Of course, such discrepancies are usually negligible; however, there is an exception in the following scenario: When I obtain the WGS84 ground truth for a 2D query image, I use this ground truth as the center to extract our SD map, setting the dimensions to 256x256, while keeping the tile_size at the default value of 128.
So the tile_manager splits the tile into four parts right along the coordinates of the ground truth. Later, when we randomly select a 128x128 bounding box on this 256x256 SD map and call this function to obtain the
canvas.raster
for training, the model, interestingly, accurately recognizes that the seams on these maps may reveal the true position of the GT. Consequently, our model experiences significant label leakage🤣!Below is the visualization. Observe the cross lines at the GT location on the neural map.

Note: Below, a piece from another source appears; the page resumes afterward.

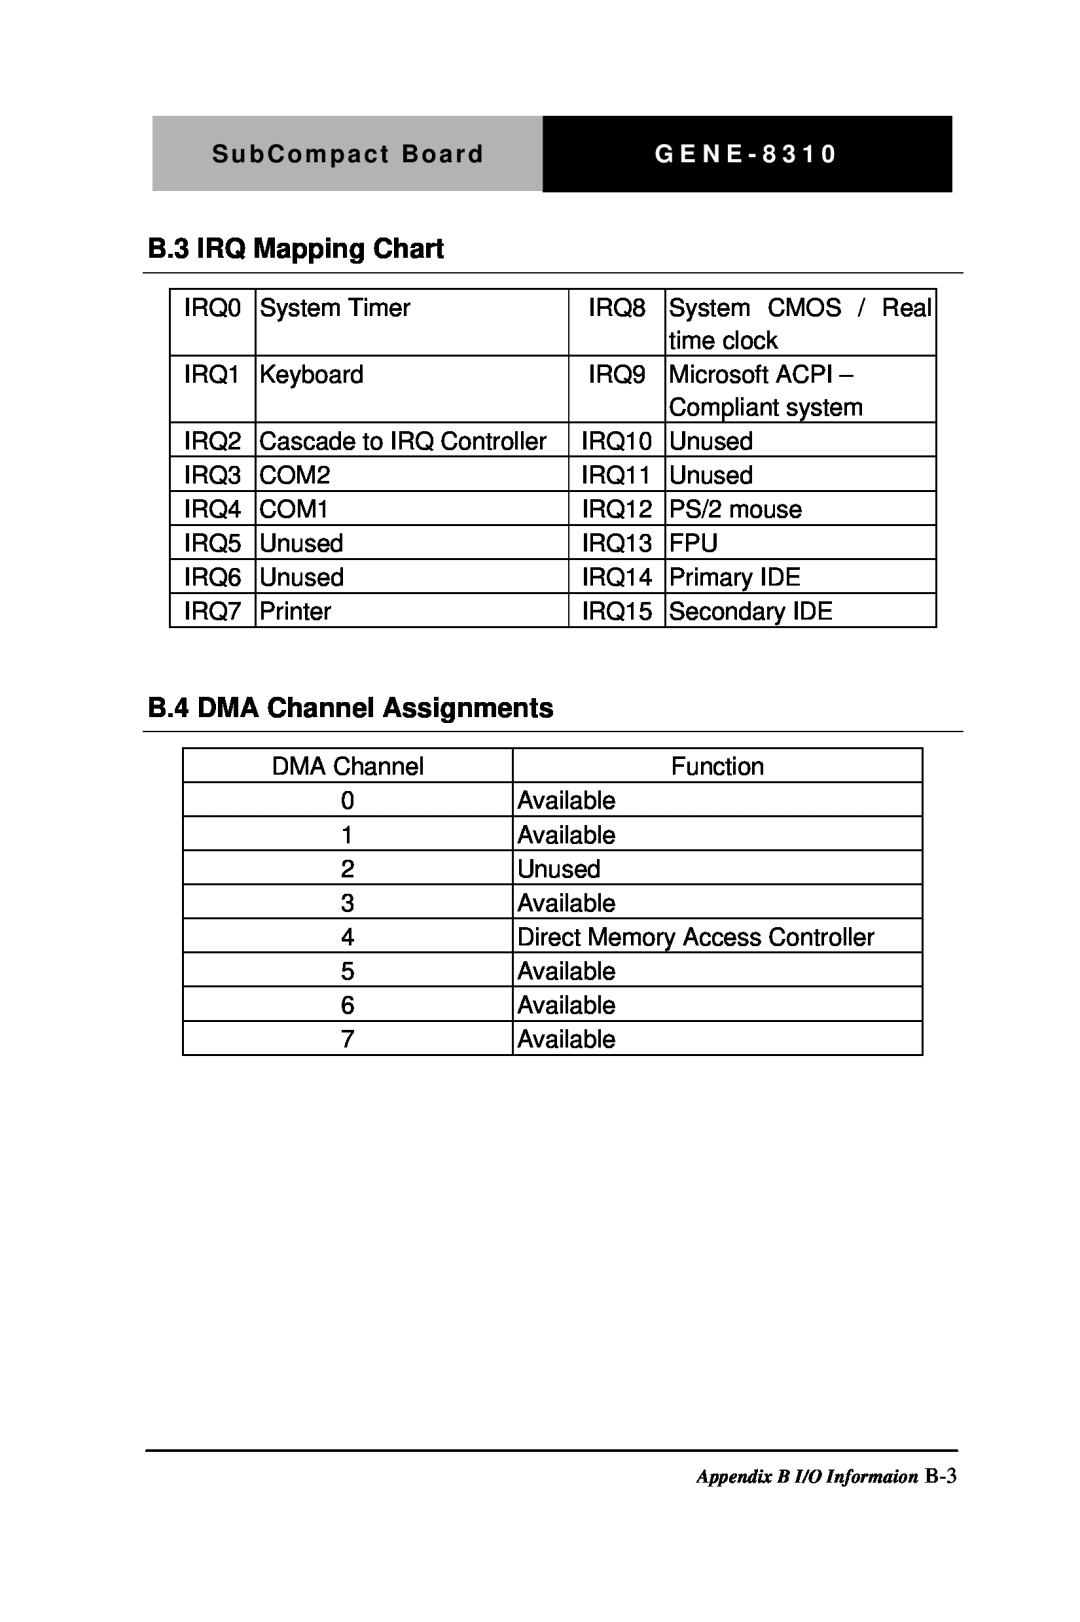 Intel GENE-8310 manual B.3 IRQ Mapping Chart, B.4 DMA Channel Assignments, SubCompact BoardG E N E - 8 3 1

Therefore, my conclusion is: The process of segmenting and then reassembling the SD map leaves scars on the map that are difficult to heal, and although they are minor, they still exhibit certain features that can be learned. If these scars happen to coincide with the ground truth or original GPS coordinates when creating the dataset, it might enable the model to directly identify the leaked labels on the raster or interfere with the sensitivity to the GPS priors.